Well now I couldn't just stop there. I kept going. I saw the church of st. julien le pauvre and almost kissed the bald head of the man who I assumed was the abbot waiting next to the door because everything about the church was just so cute. It was like a lost puppy situated so close to the grandeur of Notre Dame yet so deserted and plain looking. I was completely in love with it's charm.

I walked slightly past the cathedral only to find that there were nearly 4 Manga stores all around me -- and not only was I in the center of Manga-town, Paris, but this was a Manga-town unlike any other. They had Soul Eater posters in the windows. Yes, folks, I have found the store to which I will lose my boyfriend, who is a big Manga adict. And best of all, there were several others just like it right next door. Across the street were American comic book stores boasting some action figures that must date back to the '60s. I snapped some photos of all of this since I am supposed to be keeping up with my Japanese while I'm here and decided I would return one of these days to see if I couldn't practice my conversational Japanese with some of the proprietors.

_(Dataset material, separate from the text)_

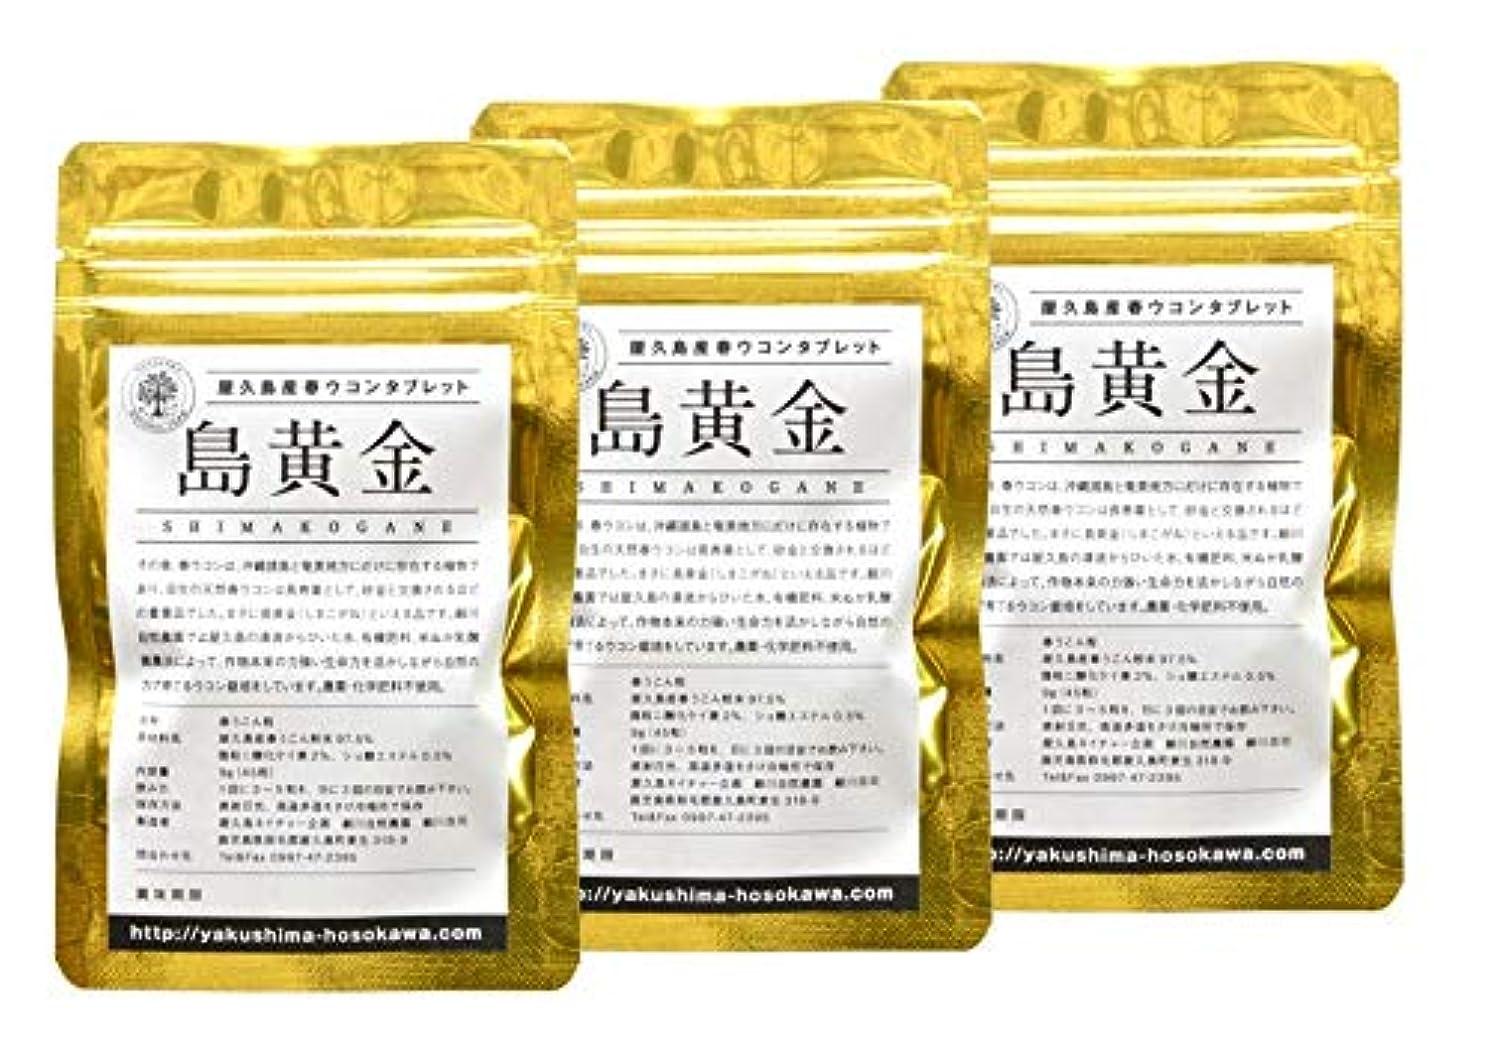 矩形筋雇用島黄金 小袋タイプセット (屋久島産 春ウコン45粒×3袋)

Then I strolled around the latin quarter and and past the Musée d'Orsay before returning to a walk along the seine. I have now decided where I need to go if I want to go bar hopping in Paris. They are EVERYWHERE in the latin quarter and come in all shapes and sizes. Also, happy hour mojitos for 3EUR? Don't mind if I do!

After a nice walk, I stoped in my tracks yet again because yes, there it was, the louvre. As I walked over the bridge toward the entrance I stopped in my tracks yet again (see a pattern here?) because the sun had peaked just over the Tour Eiffel and created this perfect silhouette that made even this iron beast of a monument look like a little key chain the tourists were buying for way too much money about 20ft away from me. Picture me, in my red jacket, literally twirling around in circles beaming like a little girl in the middle of a crowded bridge in Paris. Yes. People stared. No, I didn't care that I looked like a matador's cape gone mad. I was standing in between two of the most iconic monuments in Paris -- like them or not, you would have been excited too.

So I trotted over the cobblestones that lead to the Jardin de Tuileries and began snapping some photos when off to my left I hear a woman scream. I look to find a small older woman bent over an enormous puddle. I walked over and asked in my very best French if I could help her with something, and she told me that she dropped her metro ticket in the puddle. I used my umbrella to help her pick it up and she thanked me profusely. She reminded me so much of one of my French professors, Mme. Saigal, in that once she started talking to me, she just didn't want to stop. Wasn't this lovely and isn't that fantastic and oh don't you love Paris? Well it is a bit cold but still isn't it lovely and do you know about this little museum called "musée de cluny" yes well it's actually an old monastery and it has art from the middle ages and it's spelled c-l-u-n-y, you can't miss it take this metro and while you're there...

I loved her. Instantly. I half expected her to break out into an Edith Piaf song like Mme Saigal used to but before we could get to that point she went into the louvre and we exchanged "bonne soirée!"s.

As I made my way back toward my apartment I took in all the sights and smells I could. The river air was crisp, the trees smelled like fall, and the cobblestones under my feet felt like a little mouse under the streets was trying to press morse code into my feet as I walked. Every brasserie and patisserie I passed looked gorgeous. I thought of my friend, Sarah, the "lady chocolatier," every time I passed another gorgeous chocolatier's creation.

I picked up a pain au chocolat at the local boulangerie where I purchased my baguette yesterday. I'm really enjoying the convenience of being surrounded by fresh baked everything.

I raise my glass to a day well spent, and a lot of money saved in a bank account that still perplexes me.